娘に会って謝りたいという。知らなかったでは済まされないと言った。是非、会わせてほしいと懇願されたと言う。そういう父親の気持ちはよく理解できるとパパは言った。


私にはそう伝えるが、ここへ来る前にこの話を伝えたとき、動転して会うことを拒絶したので、今は会わないで静かに見守ってやってほしいとお願いしたと言う。いずれ、私の気持ちの整理がついたら便宜を図ると言っておいたという。パパらしい。


それから亡くなった兄が父親代わりをして、私も兄を慕っていたことを話した。また、今は自分が父親代わりをしていることも話した。だから安心しているように言っておいた。


彼はどうか娘のことをよろしくお願いしますと何回も何回も頭を下げたそうだ。気持ちの優しい誠実な人だと思ったと言う。


「会ってあげたらどうなんだい」


「会いたくありません。死んだものと思っています。大体、避妊もしないで妊娠させるなんて、男として最低!」


「でも、久恵ちゃんのママは彼を愛していたのではないのかな。だから彼のために妊娠していることも黙って身を引いたのじゃないのかな。そしてママには愛した人の子供である久恵ちゃんが生きがいだったのではないか。僕は彼に会ってそう思った」


「そんな身勝手なこと、子供には迷惑な話です」


「じゃあ、ママが嫌いになった?」


「・・・・」


「死んだものと思っているのなら、遺影だと思って見てみるかい? 彼の写真を数枚撮ってきた。確かに会ったという証拠のために僕と一緒の写真も撮っておいた」


「見たくありません」


「遺影だと思って、父親の顔も知らないと言っていたけど、顔ぐらい知っていてもいいんじゃないか、ほら見て」


パパはスマホに撮ってきた写真を無理やり私の目の前に出して見せた。どういう訳かじっと見入ってしまった。


「どう?」


「どうって、普通のおじさん、まあ、普通より少しはましな方かな」


「転送しようか?」


「いいえ、パパが持っていて下さい」


「じゃあ、大事にしまっておくよ」


「今日は私のためにありがとう。疲れたでしょう。ゆっくりお風呂に入って下さい」


そういうと私は自分の部屋に入った。一人になりたかった。


小さい時になぜ私にはパパがいないのだろう。パパと遊ぶ子がうらやましく思っていた。私は顔も知らない。でもそれを言うとママが困るのが分かっていたので、何も言わなかった。

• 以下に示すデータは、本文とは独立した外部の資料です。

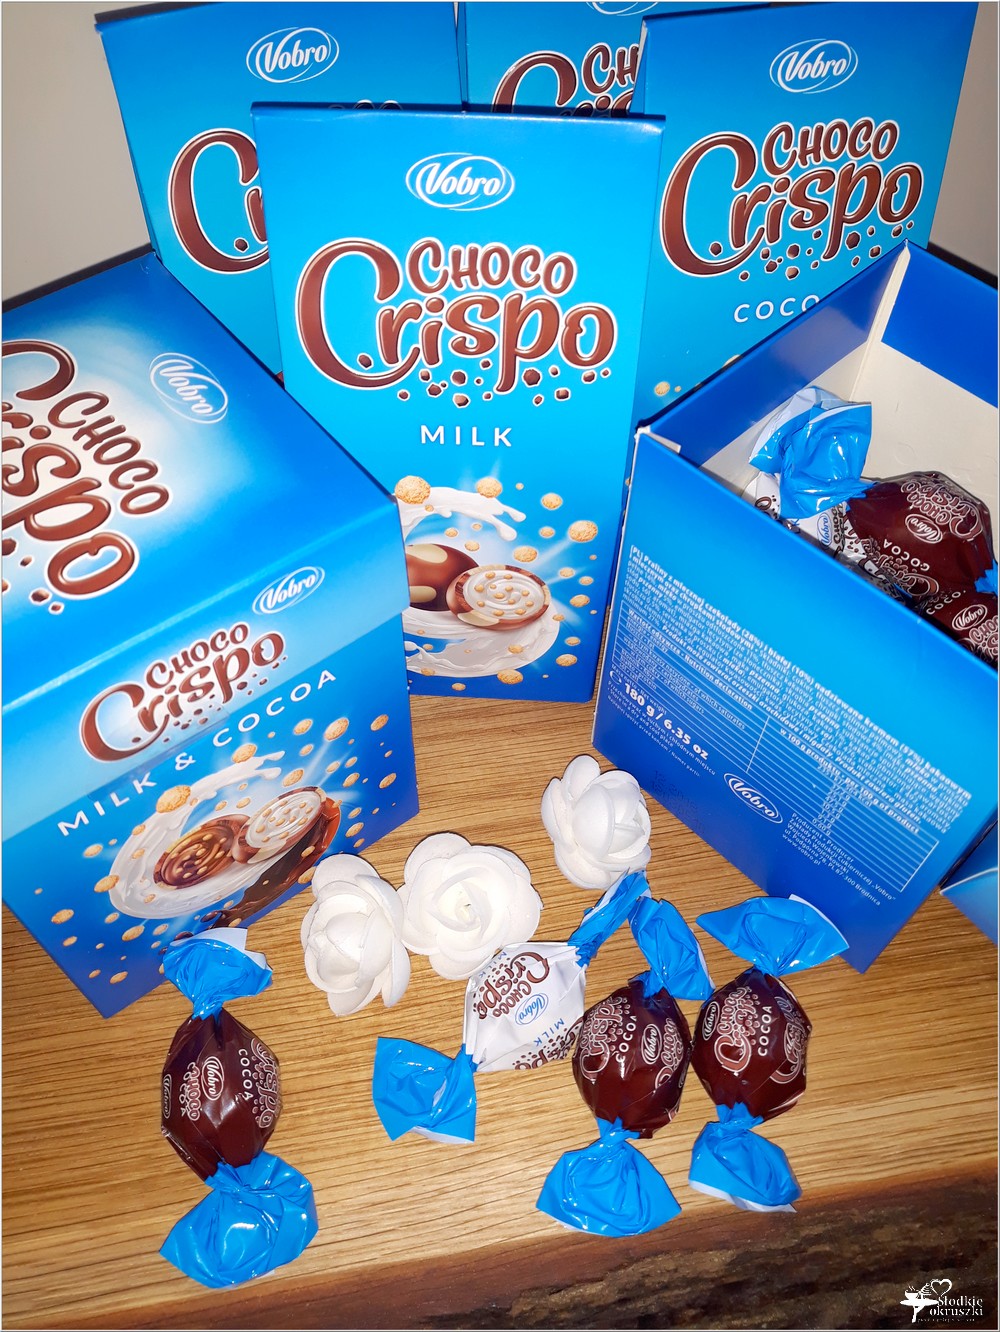 Słodki świat Vobro. Czekoladowe praliny Choco Crispo (2)

もっと早く私たちを探していてくれたらと思わずにはいられなかった。ママの気持ちを考えるとひとりでに涙が出てきて泣いてしまった。


パパが私のためを思って写真を撮ってきてくれた。私は初めて父親の顔を見ることができた。確かに私と似ているから間違いないと思う。死んだものと思っていたから、私はそれで十分だ。


それに私には親身になってくれた崇夫パパがいたし、今はパパがそばにいて私を守ってくれている。それで十分だし、それ以上を求めてはいけない。そう思うと気持ちが治まってきた。